On the other hand, the USD failed to gain any respite following the release of the Conference Board's Consumer Confidence Index, which dropped slightly to 117.2 in May from the 117.5 previous. Meanwhile, the Present Situation Index rose to 144.3 from 131.9 in April, while Expectations Index fell from 107.9 to 99.1 during the reported month. Apart from this, the underlying bullish sentiment in the financial market further undermined the safe-haven USD and remained supportive of the pair's positive move. That said, a modest pullback in the US equity markets prompted some selling at higher levels, through the dip was quickly bought into. The pair finally settled with decent intraday gains and held steady above mid-1.2200s through the Asian session on Wednesday.

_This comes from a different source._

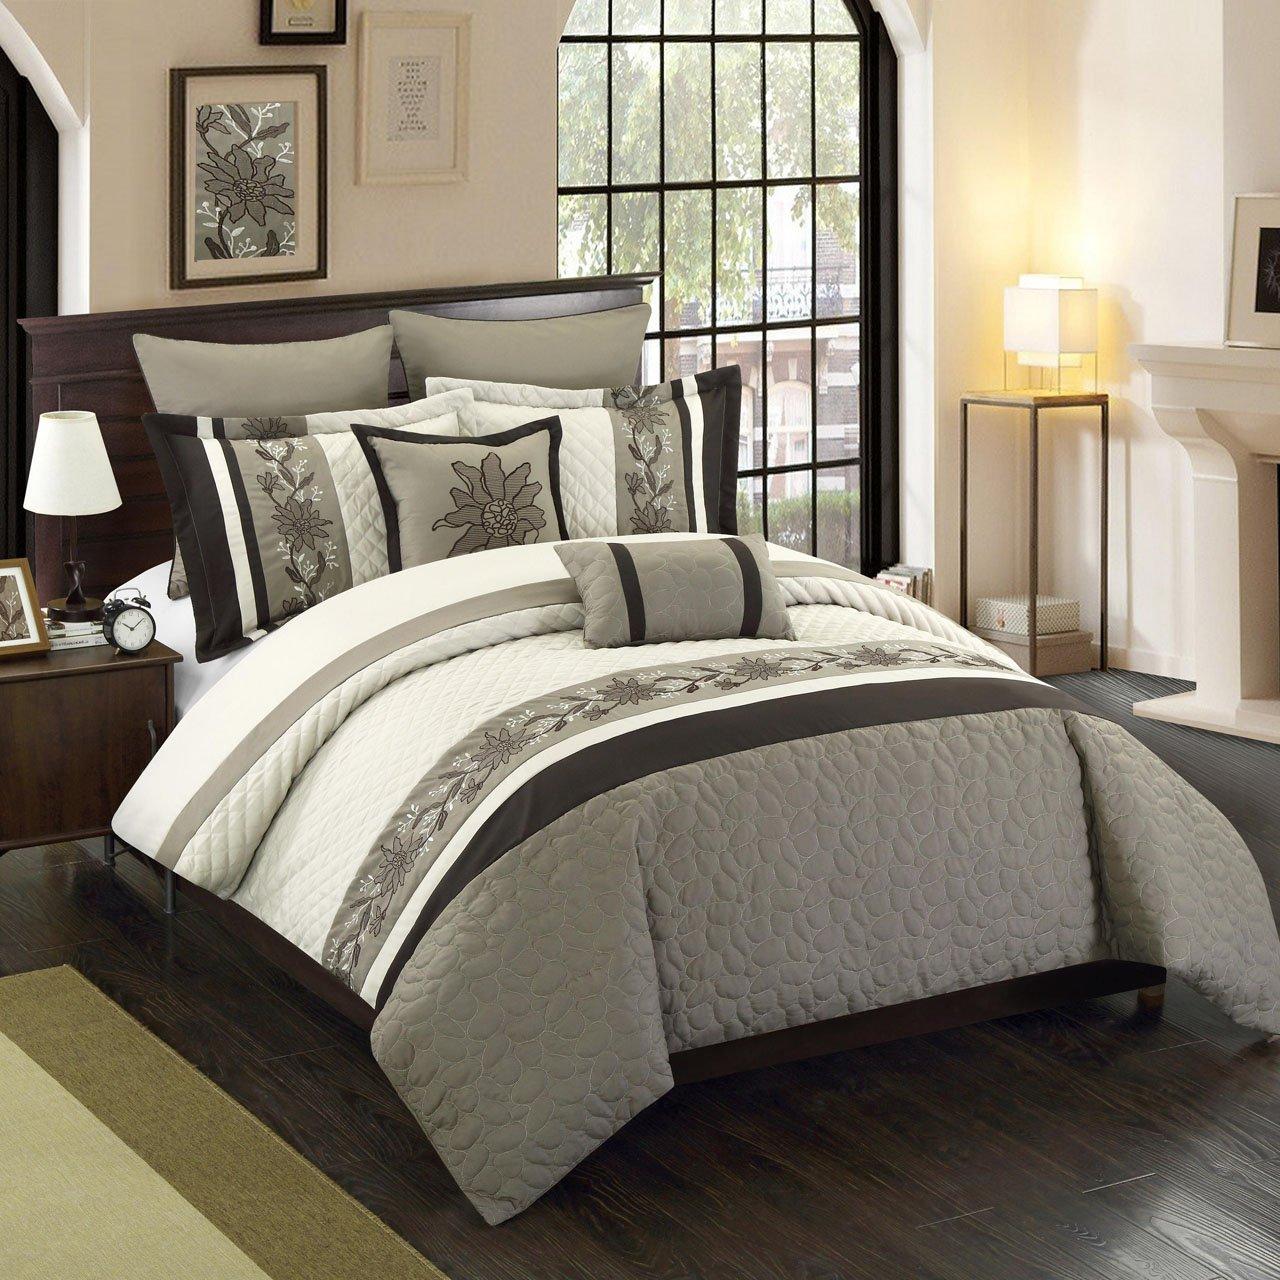 8 Piece King Antwerpen Beige/Taupe/Coffee Comforter Set

Meanwhile, a modest bounce in the US bond yields extended some support to the USD and capped any strong gains for the major. That said, a generally positive tone around the equity markets held traders from placing any aggressive bets around the safe-haven USD and allowed the pair to edge higher for the third consecutive session. There isn't any major market-moving economic data due for release either from the Eurozone or the US. Hence, the US bond yields and the broader market risk sentiment will continue to play a key role in influencing the USD price dynamics. This, in turn, should provide some impetus to the major.
Short-term Technical Outlook
From a technical perspective, the overnight sustained move and acceptance above the 1.2240-45 region has paved the way for additional near-term gains. The constructive set-up is reinforced by bullish technical indicators on the daily chart, which are still far from being in the overbought territory. Hence, a subsequent move towards reclaiming the 1.2300 mark, en-route YTD tops around mid-1.2300s, looks a distinct possibility.
On the flip side, any meaningful pullback below the 1.2240-45 resistance breakpoint might now be seen as a buying opportunity. This should help limit the downside near the 1.2200 mark. This is followed by support near the 1.2160-50 region, which if broken decisively will negate the constructive outlook and prompt some technical selling.